= Data =
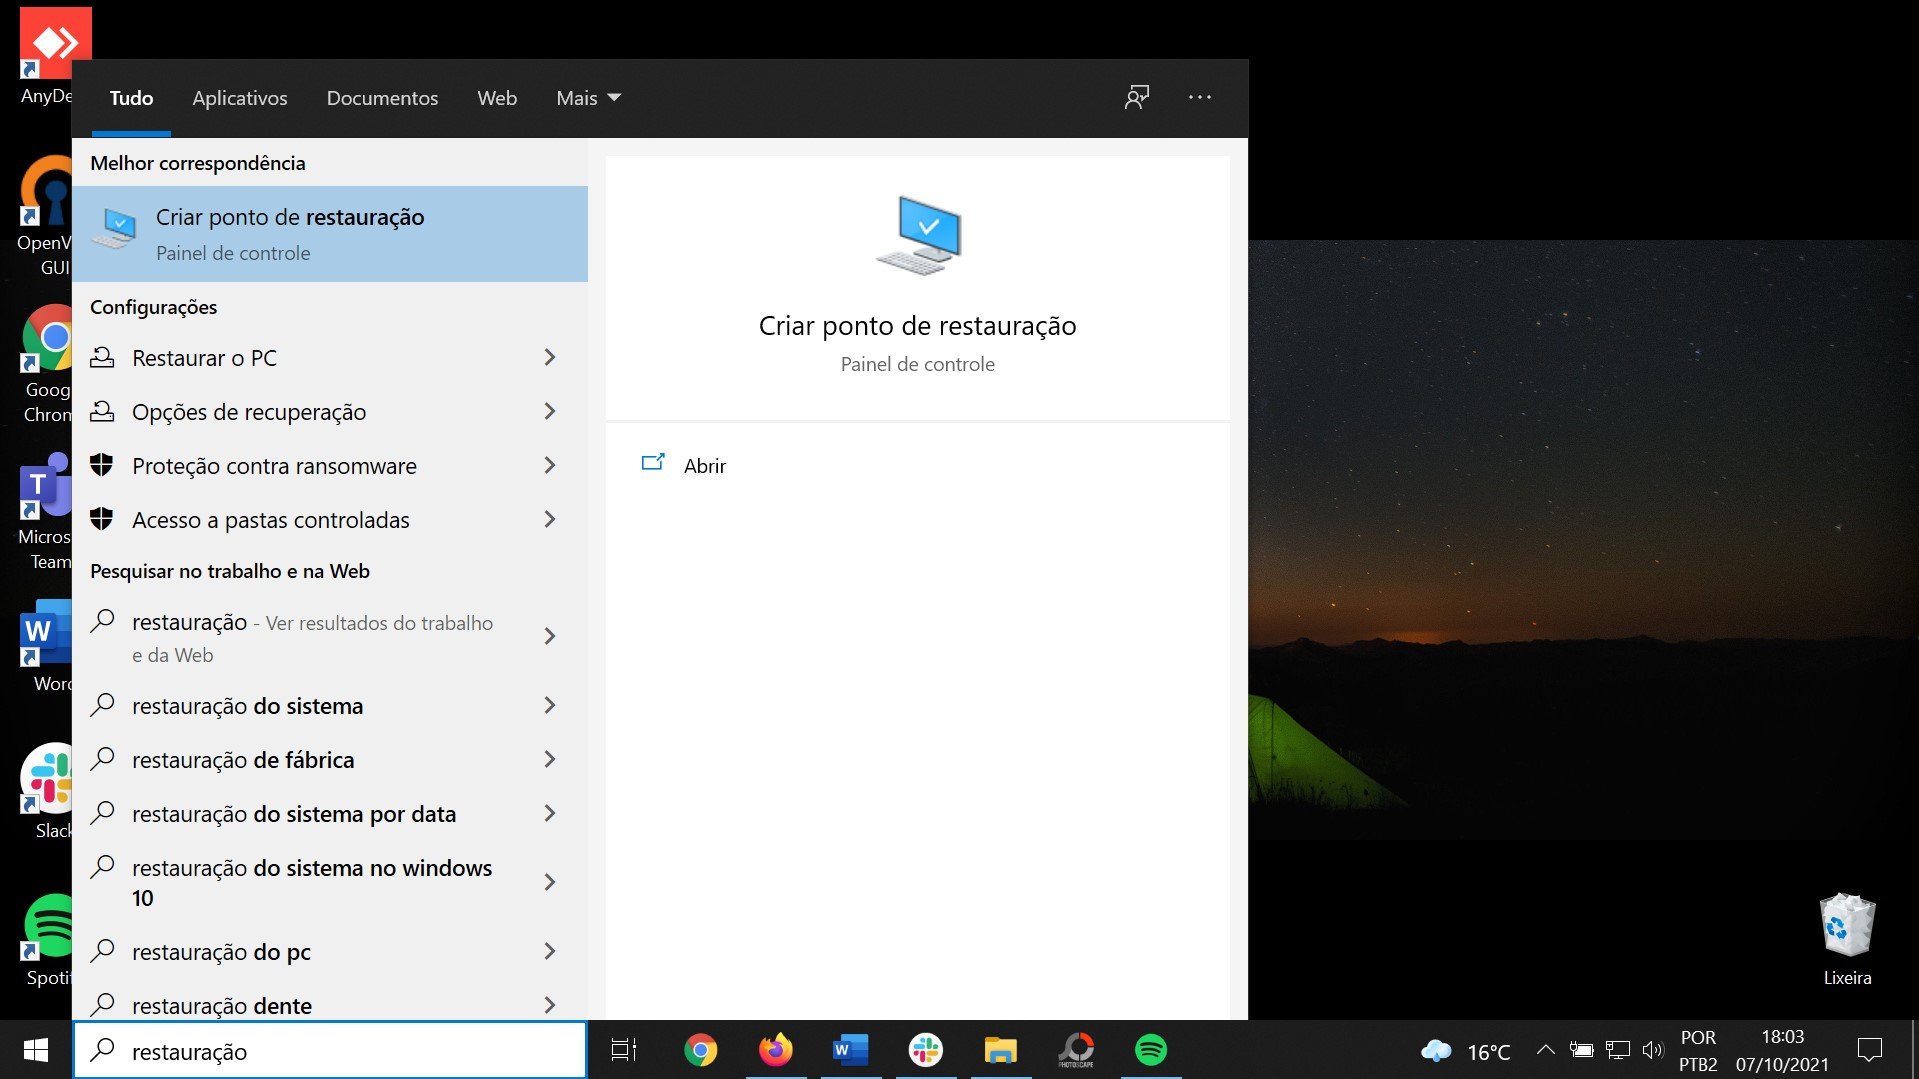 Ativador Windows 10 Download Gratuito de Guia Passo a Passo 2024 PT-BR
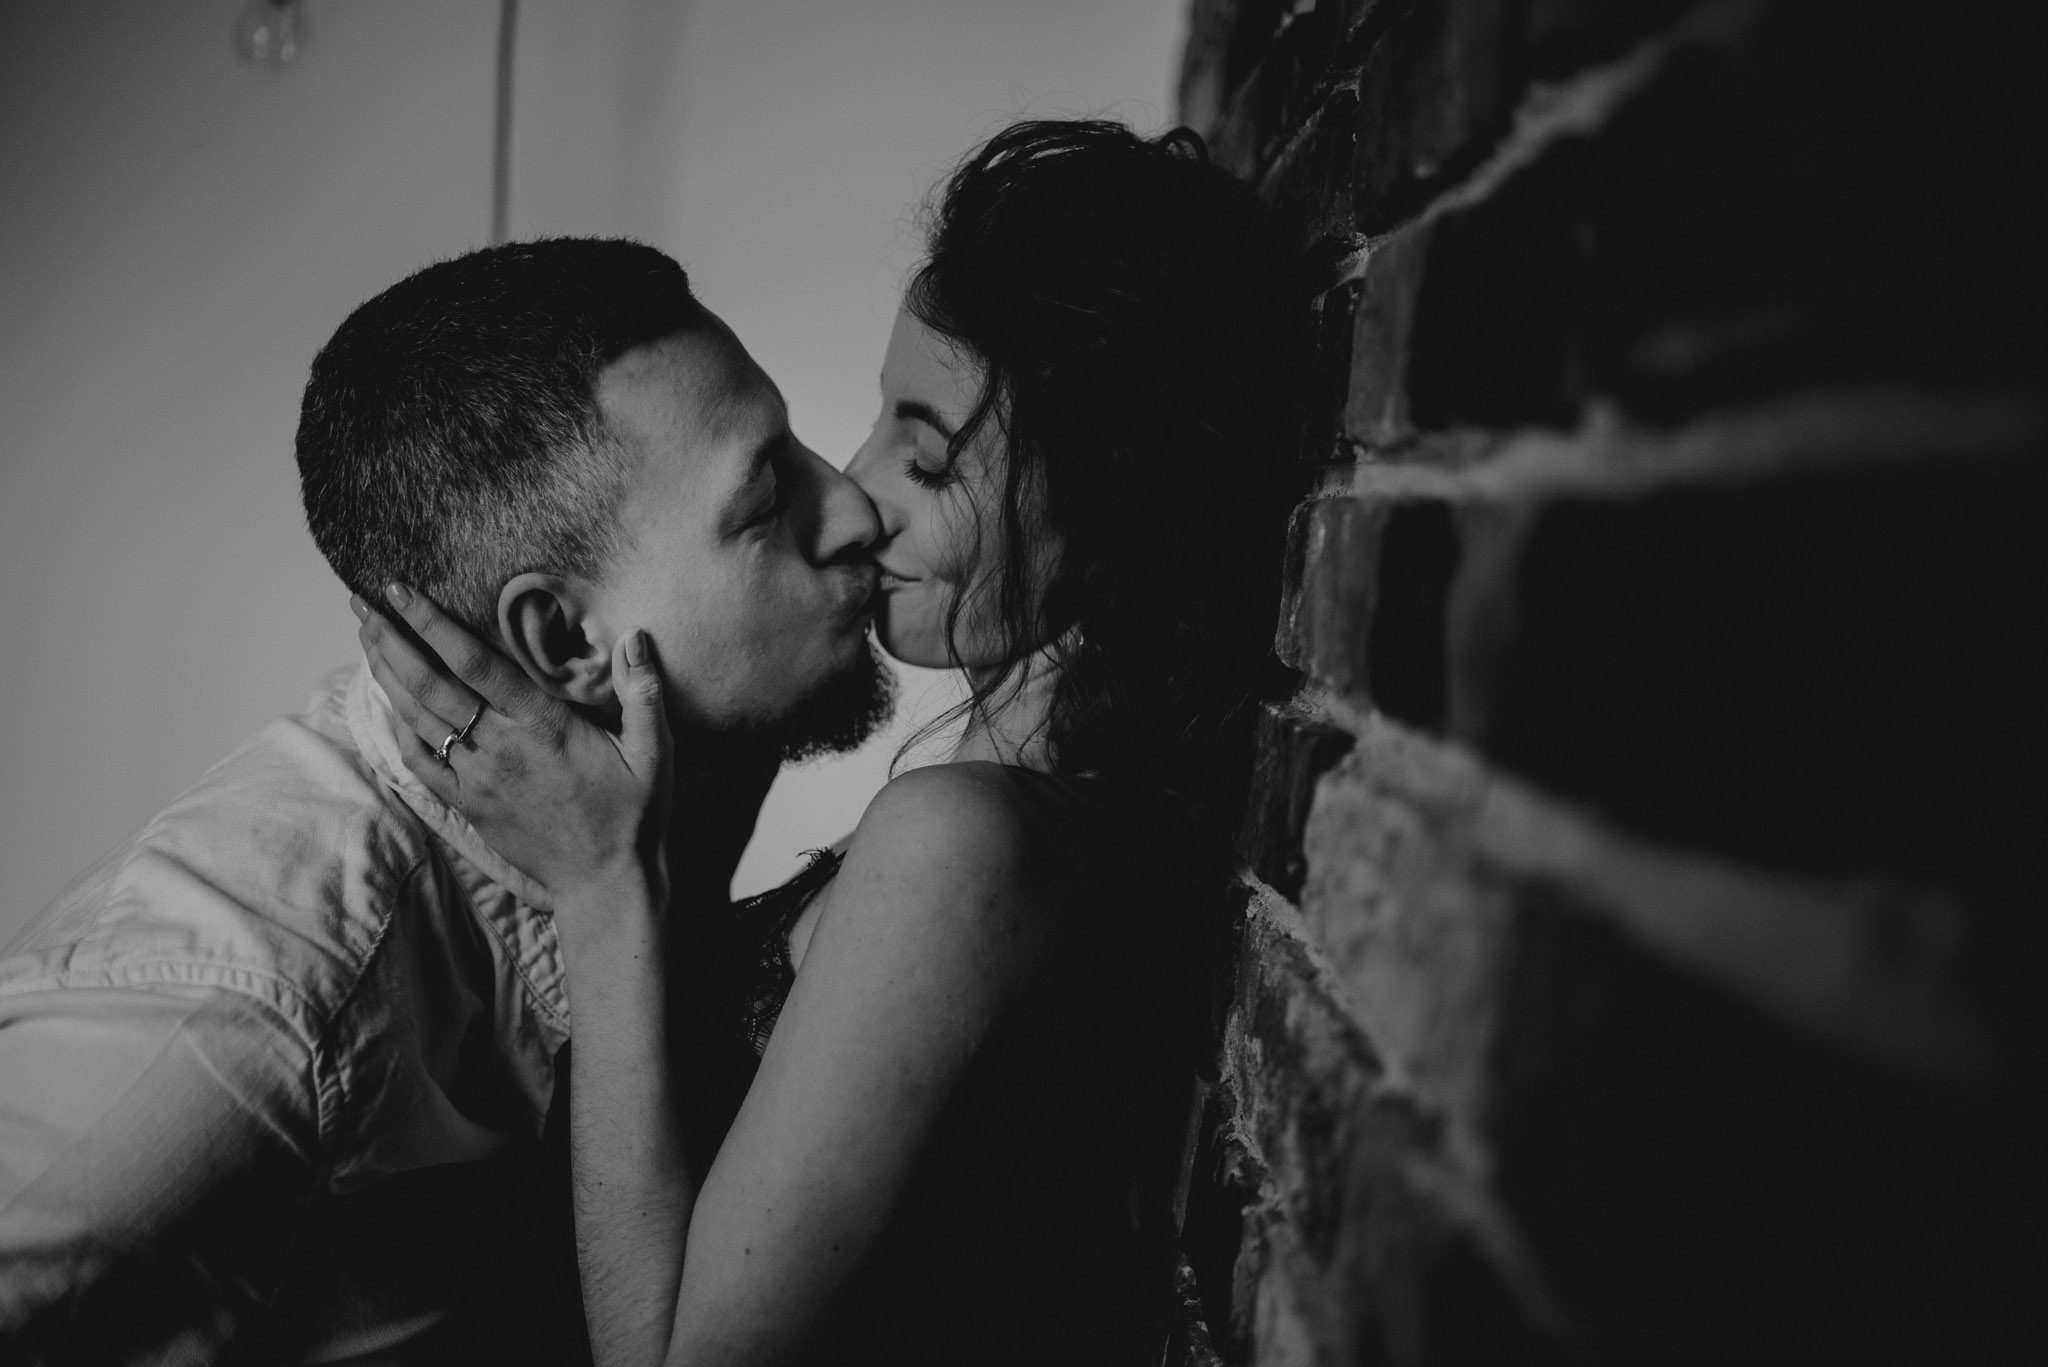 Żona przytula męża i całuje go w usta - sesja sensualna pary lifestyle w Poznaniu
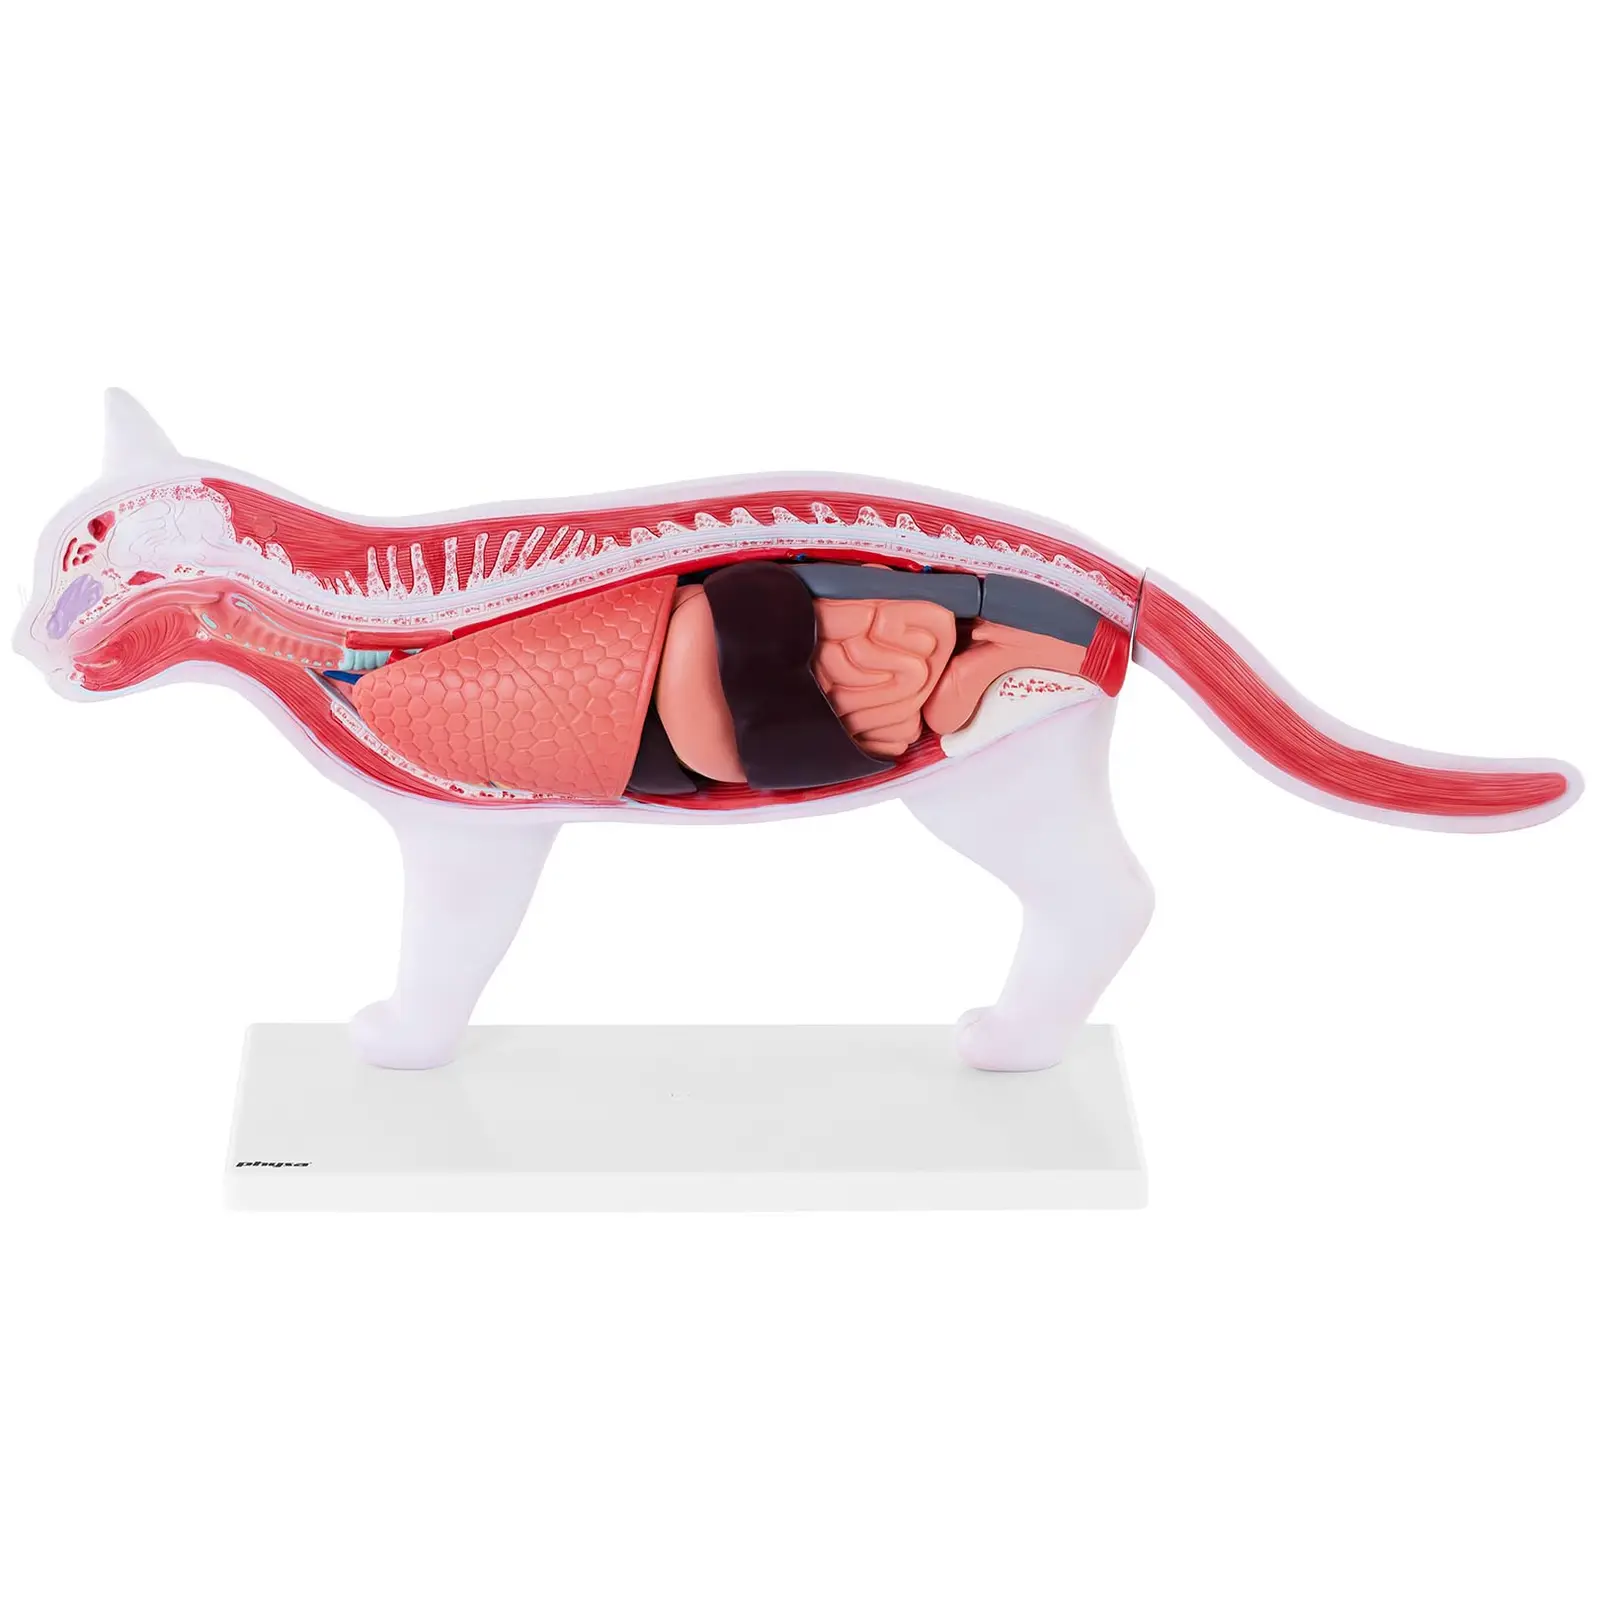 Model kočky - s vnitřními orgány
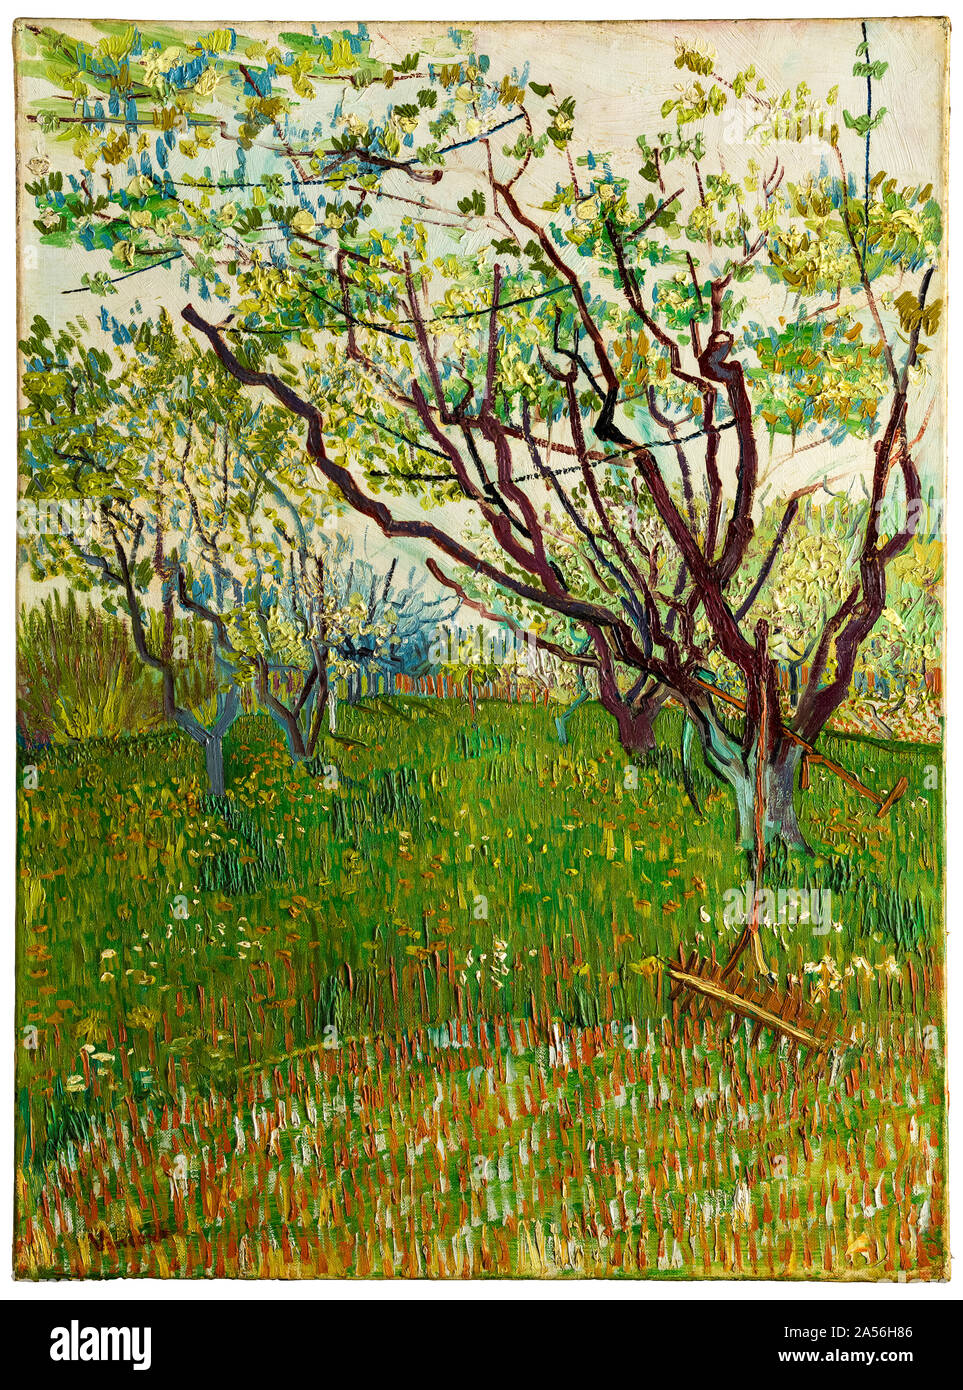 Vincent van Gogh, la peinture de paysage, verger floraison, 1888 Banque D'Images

= Work instruction =
With images omitted, output the data exactly as given.

= Reply to the exercise =
 Ativador Windows 10 Download Gratuito de Guia Passo a Passo 2024 PT-BR
 Żona przytula męża i całuje go w usta - sesja sensualna pary lifestyle w Poznaniu
 Model kočky - s vnitřními orgány
 Vincent van Gogh, la peinture de paysage, verger floraison, 1888 Banque D'Images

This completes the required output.